Would you buy a property with friends, relatives and/or business partners?

It’s not uncommon for friends, relatives and even business partners to band together to capitalise on the investment property market.  But what happens when it all goes wrong?

The Housing Industry Association shows that it now takes 2.04 average full time salaries to comfortably service a standard mortgage on a median priced detached house - let alone commercial premises - in Sydney.  So why not pool your assets?

The tax issues

Capital Gains Tax applies to any change of ownership of a CGT asset, unless the asset was acquired before 20 September 1985 when the CGT rules first came into effect.

In general, if you jointly own an investment property, your individual exposure to CGT will depend on how the property is owned.  If the property is held as tenants in common then any CGT exposure is in line with your ownership interest – this might be 50/50 or some other configuration. If the property is owned as joint tenants then each owner is treated as holding an equal interest in the property for CGT purposes.

Like CGT, how the expenses and income from the investment property is represented in your tax return also depends on how the property is held.  For example, if you and a family member or business partner each own a 50% interest in the property, then you will need to split the rental income and expenses 50/50 when preparing your tax returns.
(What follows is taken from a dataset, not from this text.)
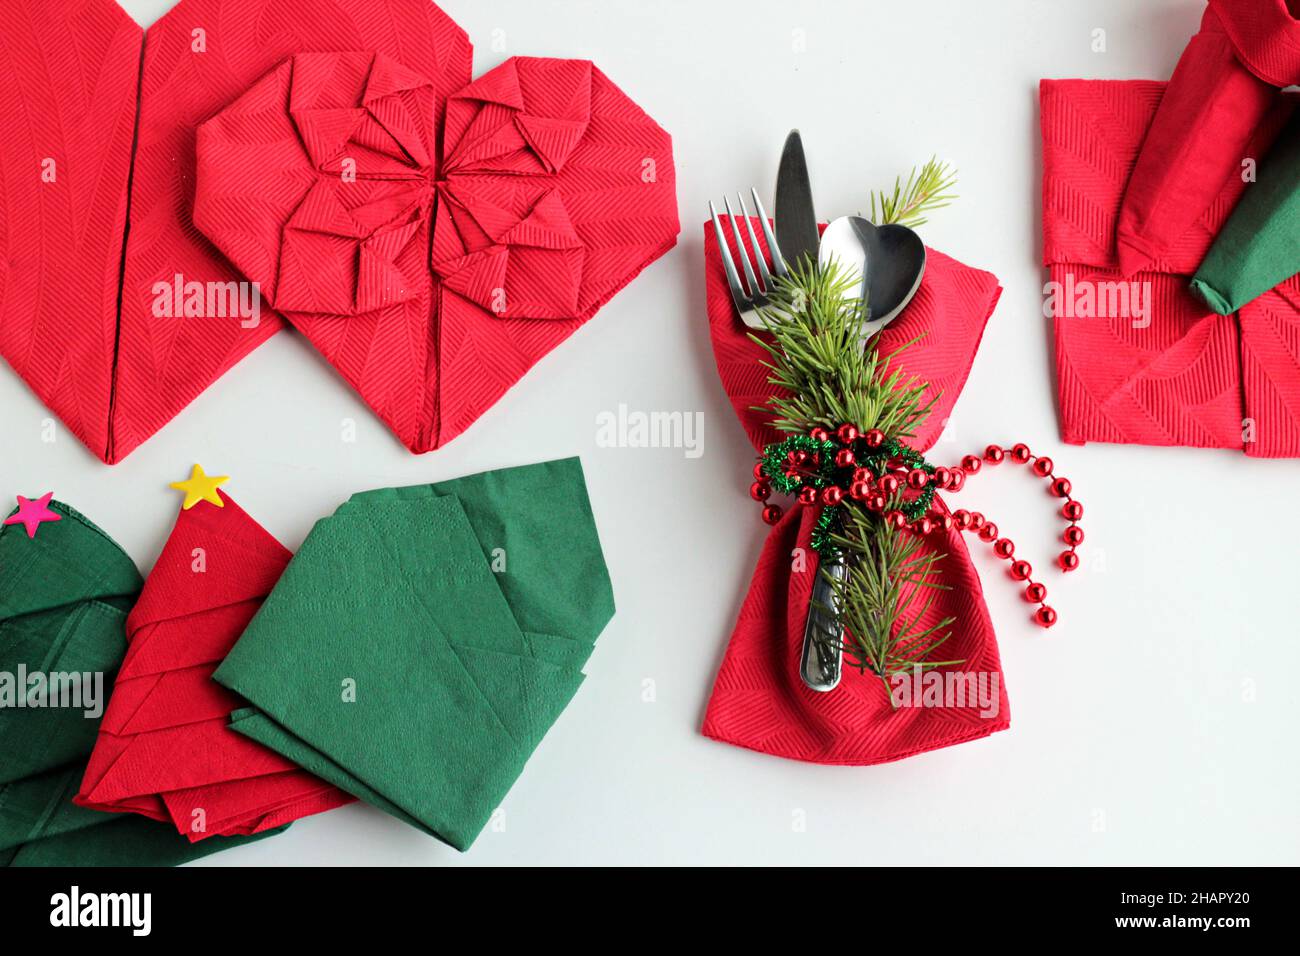 Serviettes de Noël rouges et vertes pliées en différentes formes sur une surface blanche avec ensemble de couverts, ronds de serviettes et décorations de noël Banque D'Images

The main exceptions to this are where you are carrying on a rental property business (e.g., you own a significant number of rental properties and manage this in a business-like manner) in which case a partnership agreement will generally determine how the income and expenses are split or where one owner has borrowed money to acquire their interest in the property in which case they can claim a deduction for their own interest expenses (these do not need to be split with other owners who may have used their own savings to acquire the property).

The legal issues

Disputes between friends, relatives and once aligned business partners can occur very easily. One area that often triggers a dispute is when one party wants to take some form of action and the other doesn’t – like selling the property or investing in expensive renovations and improvements. If the problem cannot be resolved the issue may be taken to court to force a resolution.  State laws allow for one party (a co-owner) to make an application to the Supreme Court for the sale or partition of the property. Following an application under the partition laws of each State and Territory, a court may make an order for partition or sale of the property.

This is where a legal agreement, a Co-owners Agreement, to underpin the terms of ownership can really help – even for the best of friends, the closest of relatives and the most alinged of business partners.  Legal issues covered include: -

·       Ways to resolve disputes;

·       What share each party owns;

·       When you can sell;

·       Who pays the bills;

·       What happens when a party dies;

·       What happens if a party becomes bankrupt;

·       When you can exit the agreement; and

·       When you can buy the other party out.

If you are considering buying property, we can help you with a Co-owners Agreement and the associated tax implications.

Quote of the month

"Happy, happy Christmas, that can win us back to the delusions of our childhood days, recall to the old man the pleasures of his youth, and transport the traveller back to his own fireside and quiet home!"